As video becomes a more mainstream element of everything from sales and marketing collateral to training provided by the human resources (HR) department, managing all the video being produced is becoming exponentially more challenging. To enable organizations to rise to that challenge, IBM today extended the artificial intelligence (AI) capabilities it has infused into the IBM Cloud Video service.

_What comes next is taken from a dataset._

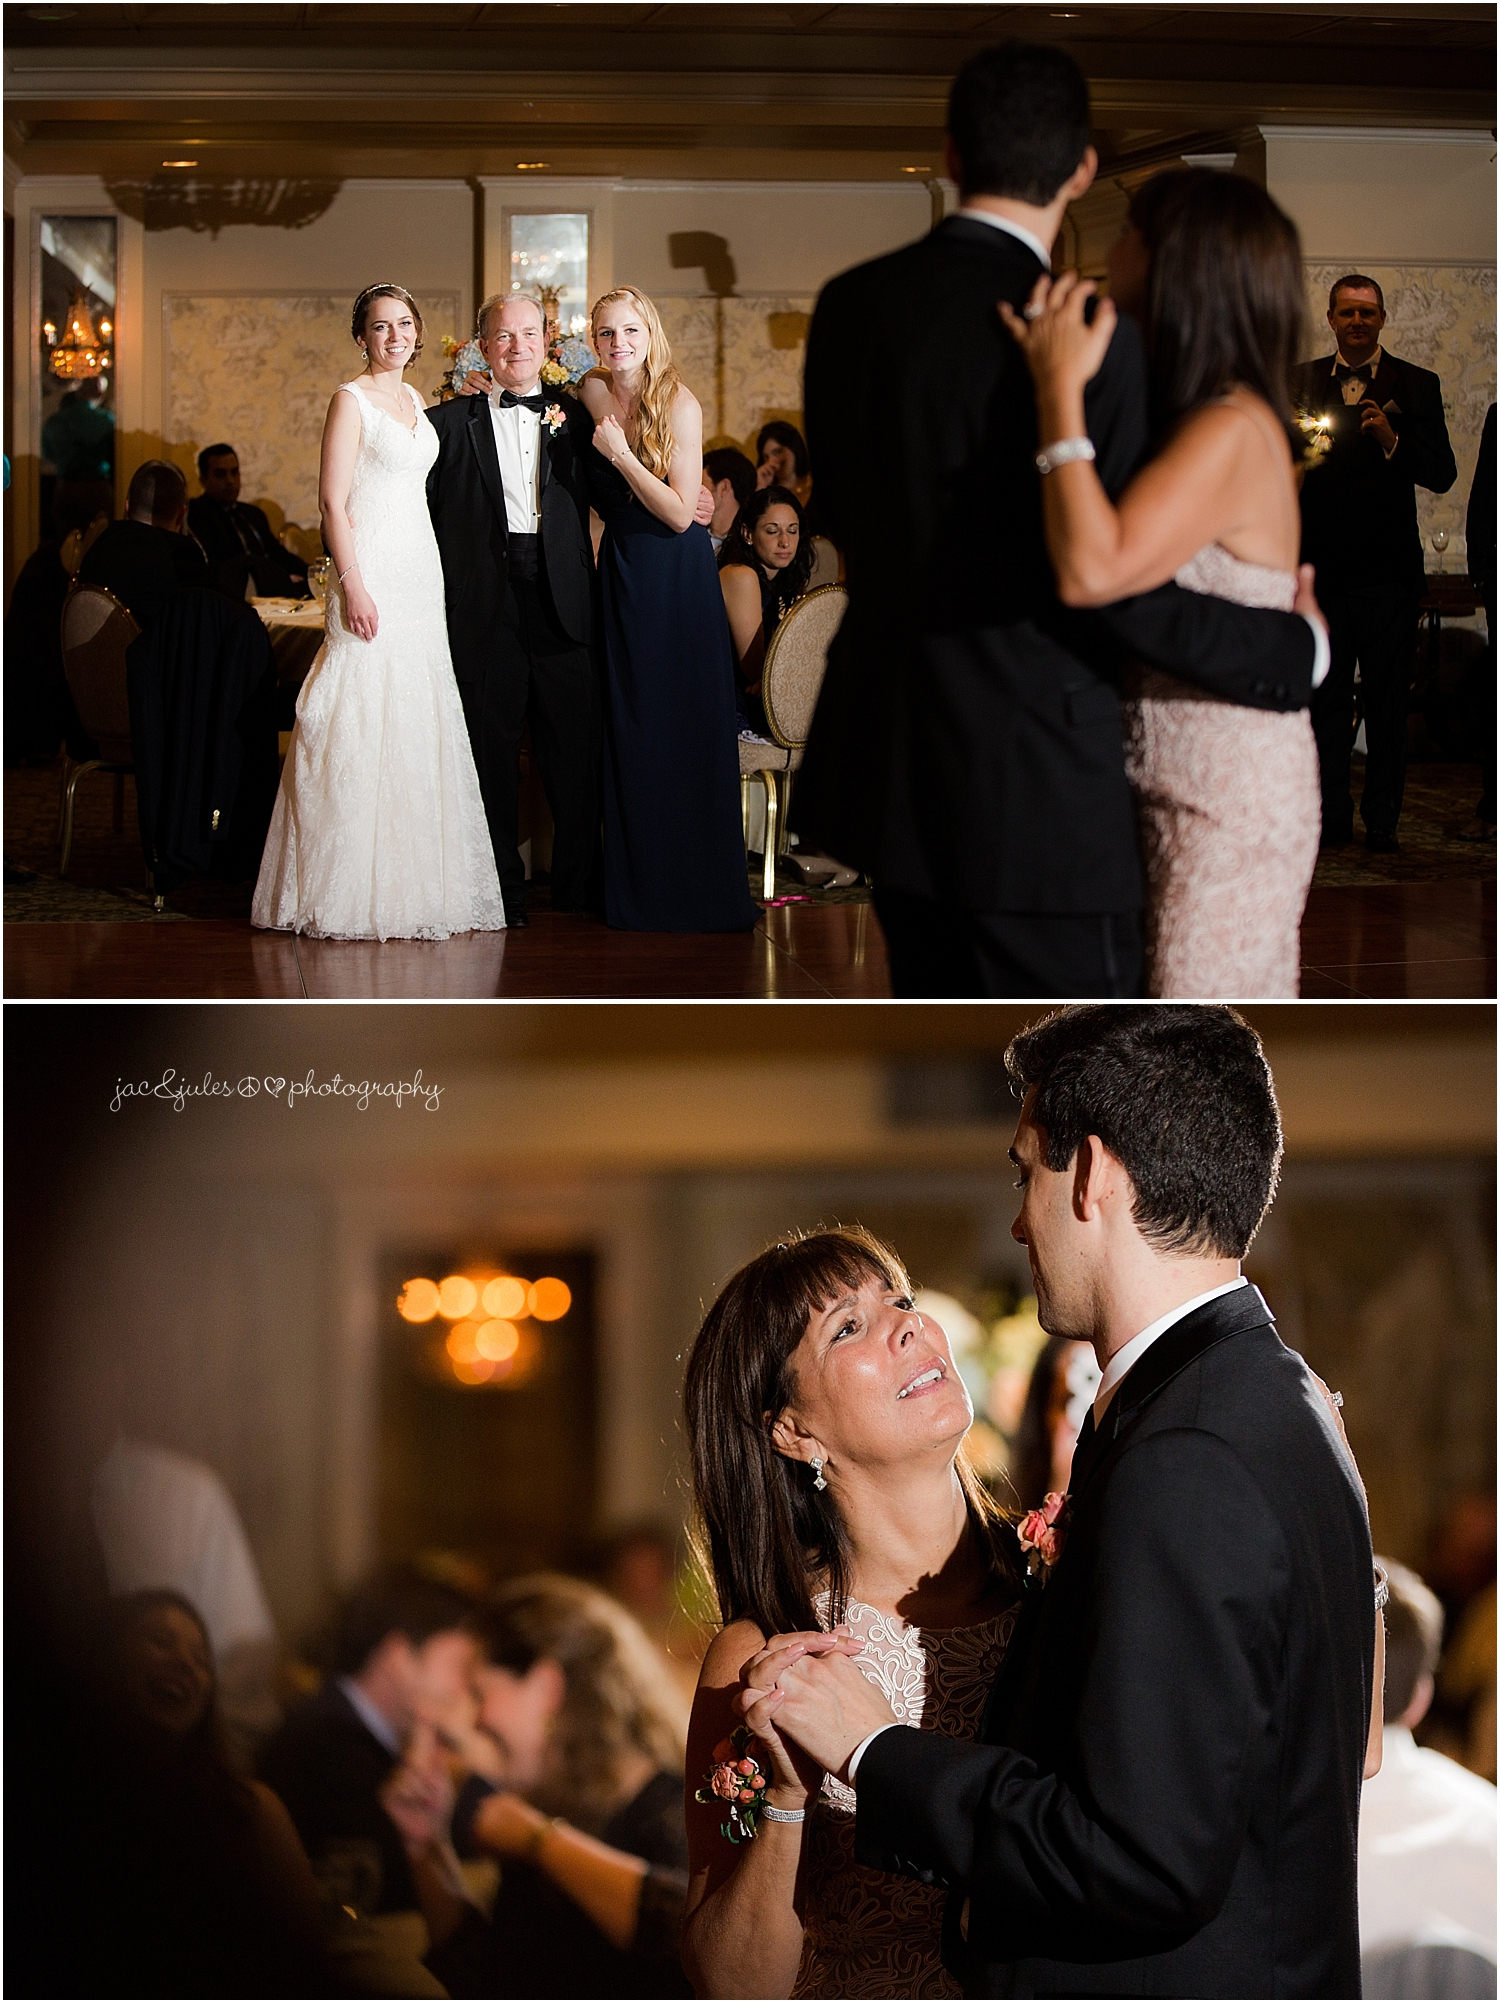 jacnjules photograph parent dances at their wedding reception at olde mill inn in basking ridge nj
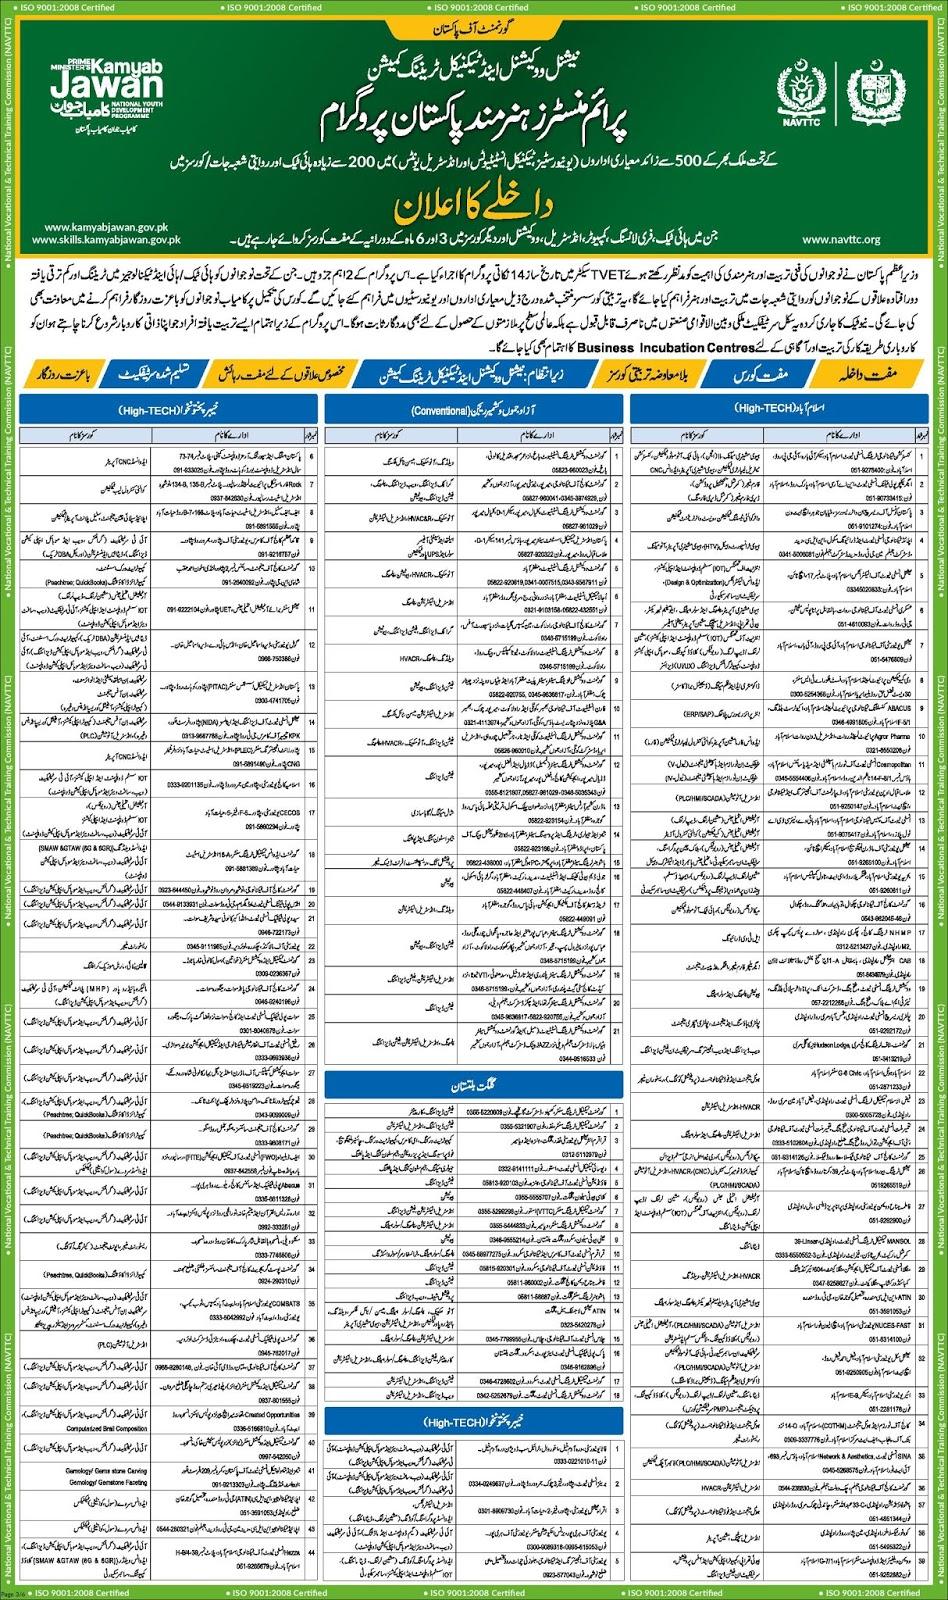 Jobs in Pakistan

Hosted on the IBM Cloud platform, the IBM Cloud Video service makes use of the machine and deep learning algorithms IBM developed for the IBM Watson cognitive computing platform. New capabilities being added to IBM Cloud Video include the ability to recognize speech within videos and convert spoken words and phrases into text for video captions. IBM is also now making it possible for the captions generated by Watson to be reviewed by a human to increase accuracy. The Watson algorithms then incorporate those adjustments into any caption that gets generated for similar types of content.
Chris Zaloumis, senior director of enterprise video offerings for IBM Cloud Video, says that as video becomes a mainstream element of business processes, there’s a pressing need to automate the process through which captions and tags get generated. Tags are especially critical when it comes to exposing video content that would otherwise be invisible to search engines, adds Zaloumis.
One of the top use cases for video in the enterprise is sales. Rodan + Fields, a manufacturer of skincare products, makes extensive use of IBM Cloud Video to train over 60,000 consultants in addition to using video to engage over 80 million people living in 45 different countries via social channels. The Watson capabilities embedded in IBM Cloud Video enable Rodan + Fields to automatically create captions in multiple languages, says Zaloumis. No matter the language spoken, Zaloumis says it’s already been shown that video that is accompanied by captions is retained better.
“You can use the captions to stress key messages,” says Zaloumis.
Zaloumis notes that the IBM approach to employing AI is much more accessible than rival cloud service providers that simply expose application programming interfaces (APIs) to AI functions that are aimed primarily at application developers.
Most of the unstructured content being generated today comes in the form of video. By 2020, it is forecasted that as much as 82 percent of the content on the internet will be in the form of video. Tags and captions make it simpler to include video files as part of an overarching analytics strategy. But none of that is going to be of much use if every video being created needs to be manually tagged and captioned. There simply are not enough hours in a day to watch it all, much less comprehend the key message the creator of a video may have being trying to deliver.